I think they blew it off just seconds after they locked it. They are under Wikia Gaming's thumb, and it seems to be a rather oppressive one. It's like, what can they say? It's better to stay silent than say something they might regret.

I think it's time to just accept that it's never going to happen.

By the way, if it weren't for you, then I would have forgotten all about it. I'm much happier not thinking about it or anything. Life's too short.


----------



## Mega Man

Quote:


> Originally Posted by *ENTERPRISE*
> 
> Quote:
> 
> 
> 
> Originally Posted by *Mega Man*
> 
> Quote:
> 
> 
> 
> Originally Posted by *ENTERPRISE*
> 
> Quote:
> 
> 
> 
> Originally Posted by *Mega Man*
> 
> Quote:
> 
> 
> 
> Originally Posted by *Chipp*
> 
> Quote:
> 
> 
> 
> Originally Posted by *LostParticle*
> 
> For the past few days I am able to log in the site "directly", meaning without having to select "Log into an existing account" any more. As soon as I load the main page and press the little fellow icon the pop-up window comes up and my User-name and Password are auto-filled in. I welcome this change and I hope it will stay.
> 
> Thank you.
> 
> 
> 
> Heya,
> 
> This was a bug fix we released on Monday: http://www.overclock.net/t/1595561/platform-release-notes-march-21st-2016/
> 
> Glad it is working as expected now.
> 
> Click to expand...
> 
> yep still sucks and buggy as hell on both pc and android
> 
> i click on stuff like "quote" and it clicks the ad below it, again on both pc and android.
> 
> wish they would just go back, because frankly i have hated the update, since the update
> 
> Click to expand...
> 
> Have you submitted a bug report so we can investigate this ? This is the first I have heard of this issue and if it is an issue then we would like to investigate.
> 
> Please submit a bug report and follow the directions
> 
> 
> 
> 
> 
> 
> 
> : http://www.overclock.net/f/17791/submit-a-bug-report
> 
> Click to expand...
> 
> Sure did, scroll up a few posts.
> 
> 
> 
> 
> 
> 
> 
> 
> 
> Click to expand...
> 
> No proper bug submission = No fix.
Click to expand...

._. no sense of humor


----------



## TheReciever

If that's the case then they can simply state as much.

While I do like to think fondly of the forum, I would prefer to have confidence in the staff that supports it then simply believe that they are either incapable or prefer to handle an issue with silence and hope we move along.

More and more I'm lead to these conclusions.

Don't mistake this isn't something I take pleasure in posting. I could spend the time on school, learning Korean, getting my visas in order, finishing my degree, building a forum for my friends. It just feels like a disservice at this point how it's been handled,and as a result the post was made.


----------



## TwoCables

Mega Man: to be honest with you, I didn't get that you were just being playful. So maybe E was a little offended.


----------



## TwoCables

Quote:


> Originally Posted by *TheReciever*
> 
> If that's the case then they can simply state as much.
> 
> While I do like to think fondly of the forum, I would prefer to have confidence in the staff that supports it then simply believe that they are either incapable or prefer to handle an issue with silence and hope we move along.
> 
> More and more I'm lead to these conclusions.
> 
> Don't mistake this isn't something I take pleasure in posting. I could spend the time on school, learning Korean, getting my visas in order, finishing my degree, building a forum for my friends. It just feels like a disservice at this point how it's been handled,and as a result the post was made.

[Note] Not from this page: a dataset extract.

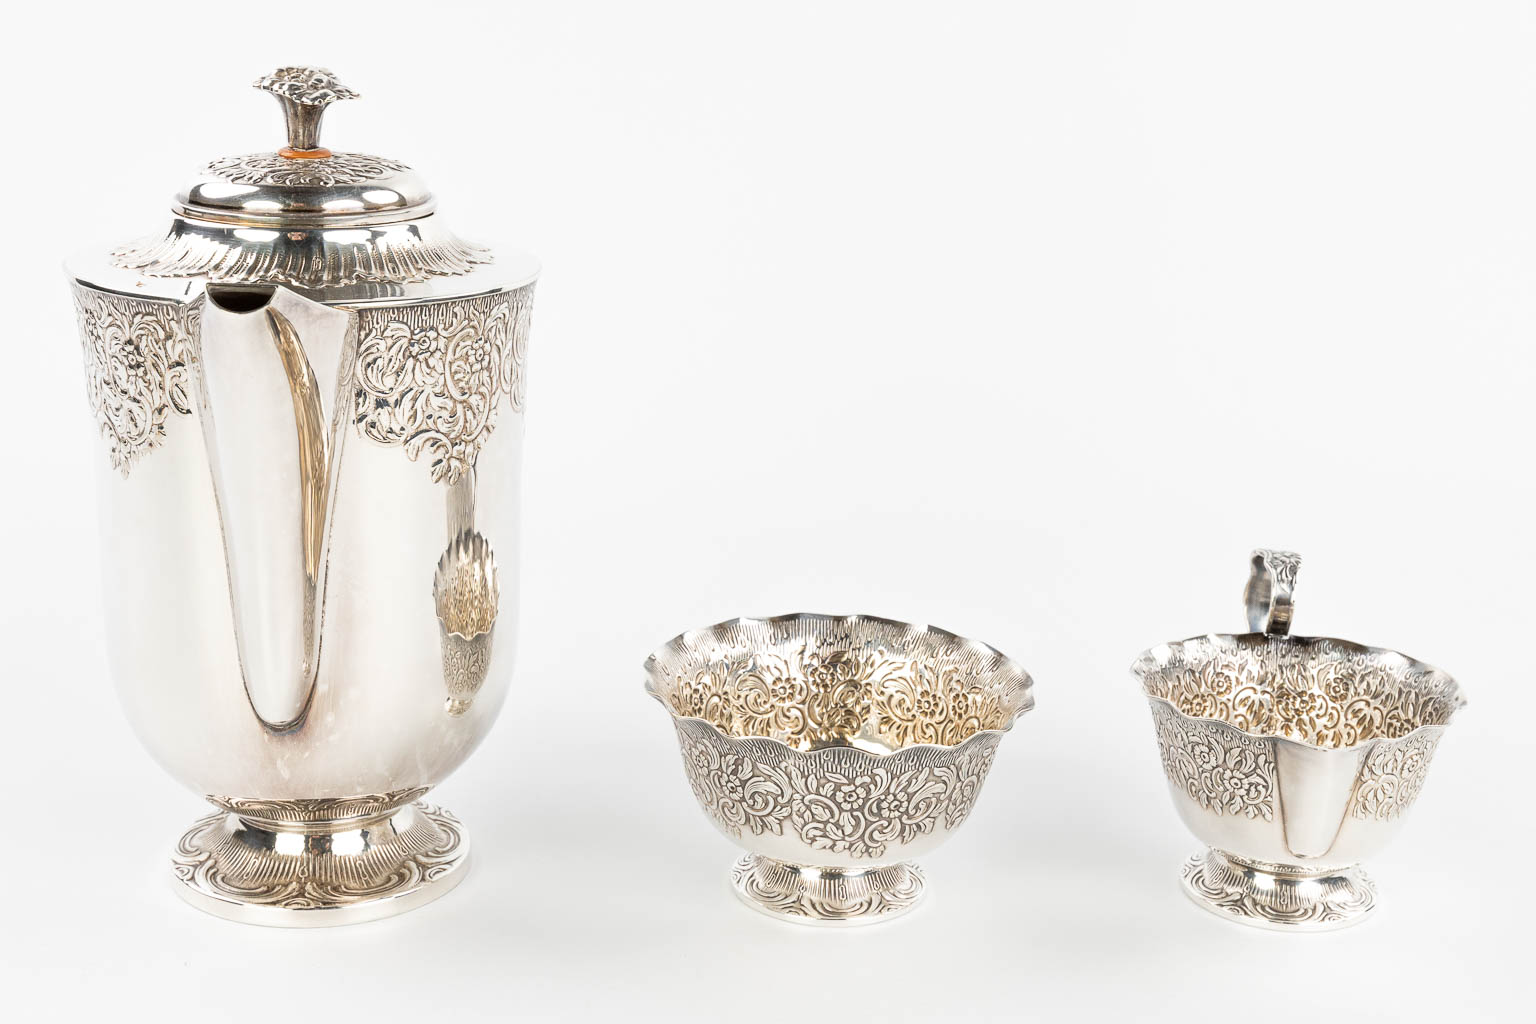 A silver-plated coffee service on a platter with sugar pot, coffee pot and milk jug. (H:22cm)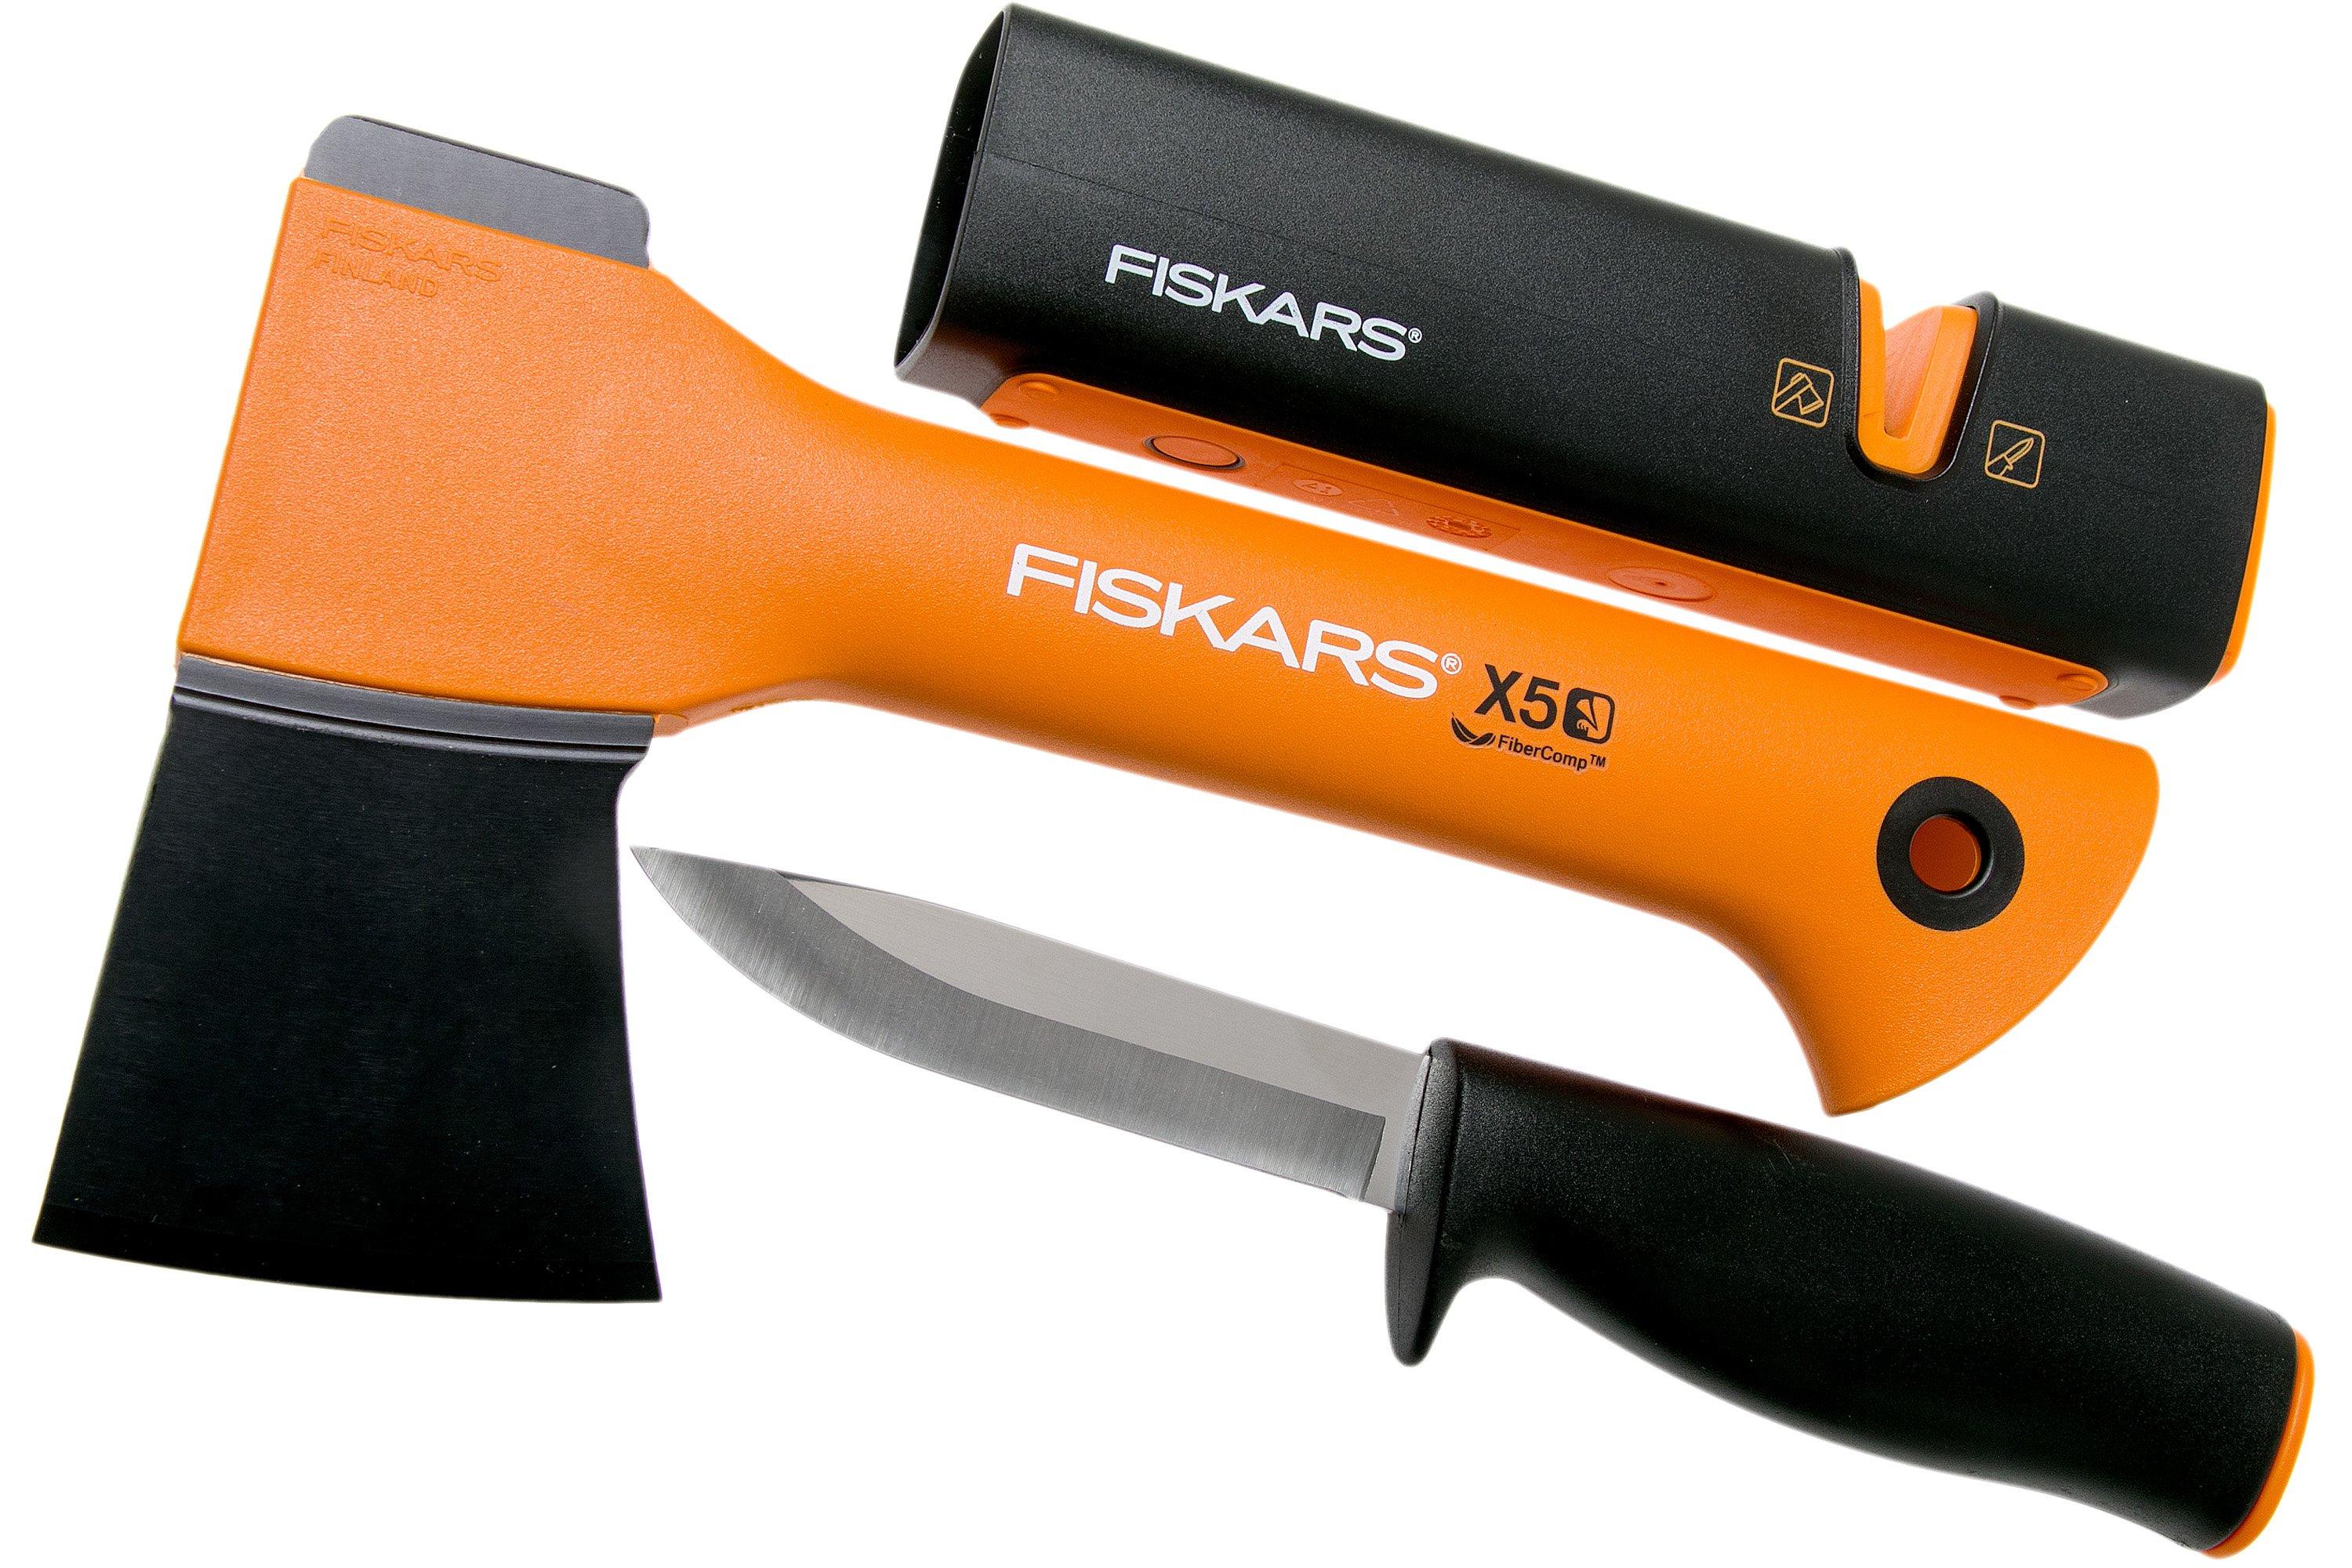 Fiskars X5 Fireplace Set With Axe Knife And Sharpener Advantageously

Why not just let it go instead? It's not worth it! It's just an internet forum. It's not like you're paying for your membership.


----------



## TheReciever

I think those points have been discussed at length in multiple threads of which you were also a part of.

No real need to recycle them here.

Is it really too much to expect a conclusion? I guess you may have forgotten about it due to the reskin of ocn classic. Not everyone surfs here on a pc. So while I'm not angry everyday about the loss of functionality in mobile, as you would have put it, I've let it go, it's still something that I've very much not forgotten.


----------



## TwoCables

Quote:


> Originally Posted by *TheReciever*
> 
> I think those points have been discussed at length in multiple threads of which you were also a part of.
> 
> No real need to recycle them here.
> 
> Is it really too much to expect a conclusion? I guess you may have forgotten about it due to the reskin of ocn classic. Not everyone surfs here on a pc. So while I'm not angry everyday about the loss of functionality in mobile, as you would have put it, I've let it go, it's still something that I've very much not forgotten.


I think you're right; maybe I've been able to let it go so easily because the scripts that I collectively call "OCN Classic" hide what Wikia Gaming did to this once beautiful place. I think that if it were impossible to make changes to websites like I have done, then yeah I guess it would still be a sore spot for me too.

Still, how long has it been? Do you honestly think that Wikia Gaming is going to let OCN management provide any official statements one way or another? What can they say that isn't already obvious? I mean really, I think the only thing you can do is just let it go. I think they probably *want* to say certain things but CAN'T. I'm sure you're aware that more than one OCN staff member hates what has been done to this place, but they can't say anything about it in public. They just have to deal with it. A couple of them use OCN Classic just as angrily as I do.


----------



## TheReciever

Quote:


> Originally Posted by *TwoCables*
> 
> I think you're right; maybe I've been able to let it go so easily because the scripts that I collectively call "OCN Classic" hide what Wikia Gaming did to this once beautiful place. I think that if it were impossible to make changes to websites like I have done, then yeah I guess it would still be a sore spot for me too.
> 
> Still, how long has it been? Do you honestly think that Wikia Gaming is going to let OCN management provide any official statements one way or another? What can they say that isn't already obvious? I mean really, I think the only thing you can do is just let it go. I think they probably *want* to say certain things but CAN'T. I'm sure you're aware that more than one OCN staff member hates what has been done to this place, but they can't say anything about it in public. They just have to deal with it. A couple of them use OCN Classic just as angrily as I do.


Right, while I'm on PC I'm pretty happy. Sadly its not my primary method of surfing here.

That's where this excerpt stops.